Gunn began as a landscape painter and traveled widely, exhibiting Paintings of Rome etc at the Fine Art Society in 1929. During the 1920s, he increasingly concentrated on portrait painting and after 1929 he devoted himself exclusively to portraits. In November 1939, Gunn offered his services to the War Artists' Advisory Committee and subsequently received three portrait commissions from them.

During WWII he lived with his family in Carsethorn, a seaside village on the Solway in Kirkcudbrightshire.

Gunn's paintings are on show in a number of galleries and his 1953 portrait of Queen Elizabeth II is in the Royal Collection.
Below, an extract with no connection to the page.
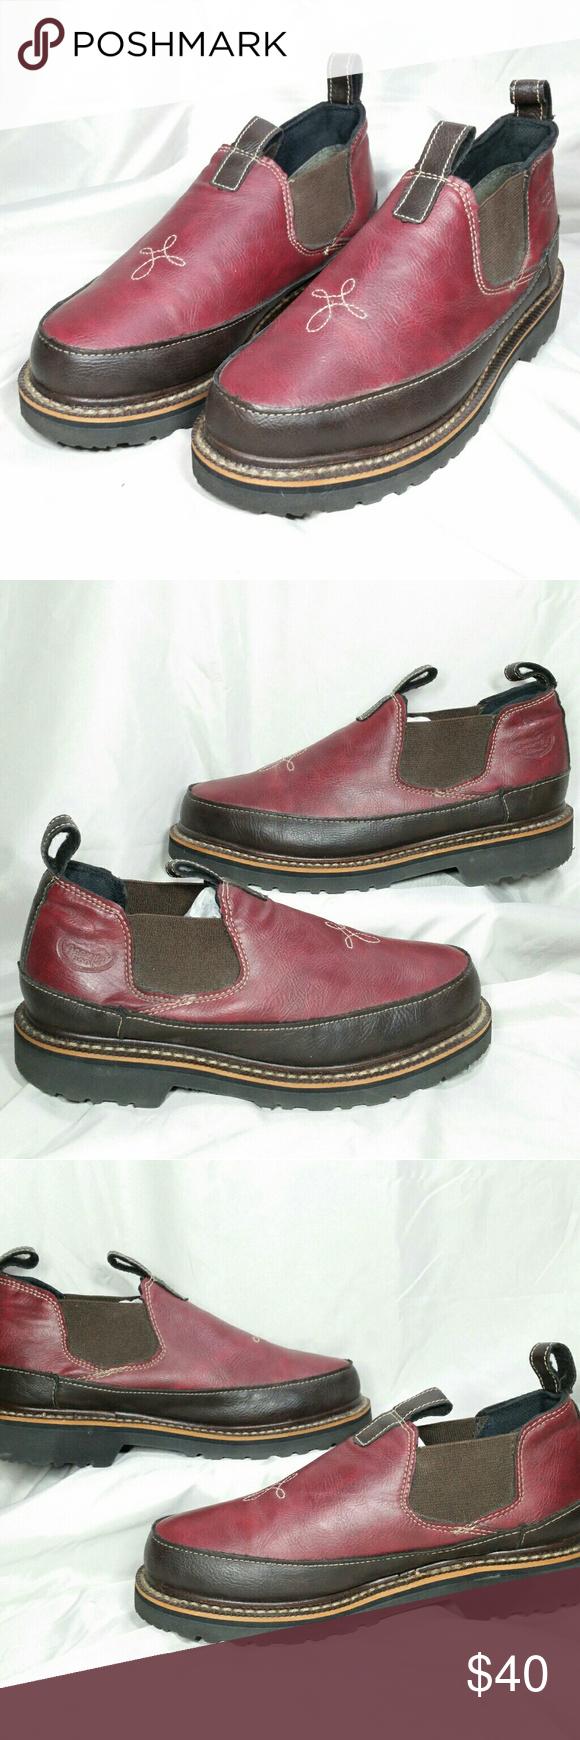 4d7402a1cd6 Georgia Giant Romeo Work Boot Oil Resistant Maroon Women s Georgia Boot  Georgia Giant Romeo work boots

His painting of the British royal family, Conversation Piece at the Royal Lodge, Windsor, was commissioned by the trustees of the National Portrait Gallery in 1950. He also painted notable portraits of King George V, Agnes Catherine Maitland (now in Somerville College's dining hall), and also of Harold Macmillan, in his role as Chancellor of Oxford University. He was elected President of the Royal Society of Portrait Painters in 1953, a post he held until his death. He was elected an associate member of the Royal Academy in 1953 and a full academician in 1961. Gunn was knighted for services to painting in 1963. An 80-page catalogue of his work which were exhibited at the Scottish National Portrait Gallery, Edinburgh from December 1994 to February 1995, was published by the National Galleries of Scotland in 1994.

==Family life==
Gunn married Gwendoline Thorne in 1919 and they had three daughters. He divorced his first wife, who had run off with Sir Arthur Whinney. Gunn subsequently married Pauline Miller with whom he had a son and another daughter. Pauline was the model for a number of his paintings, including his 1961 diploma submission to the Royal Academy. Gunn died in London on 30 December 1964. A requiem mass for the repose of his soul was held at the Church of the Immaculate Conception, Farm Street, London in January 1965.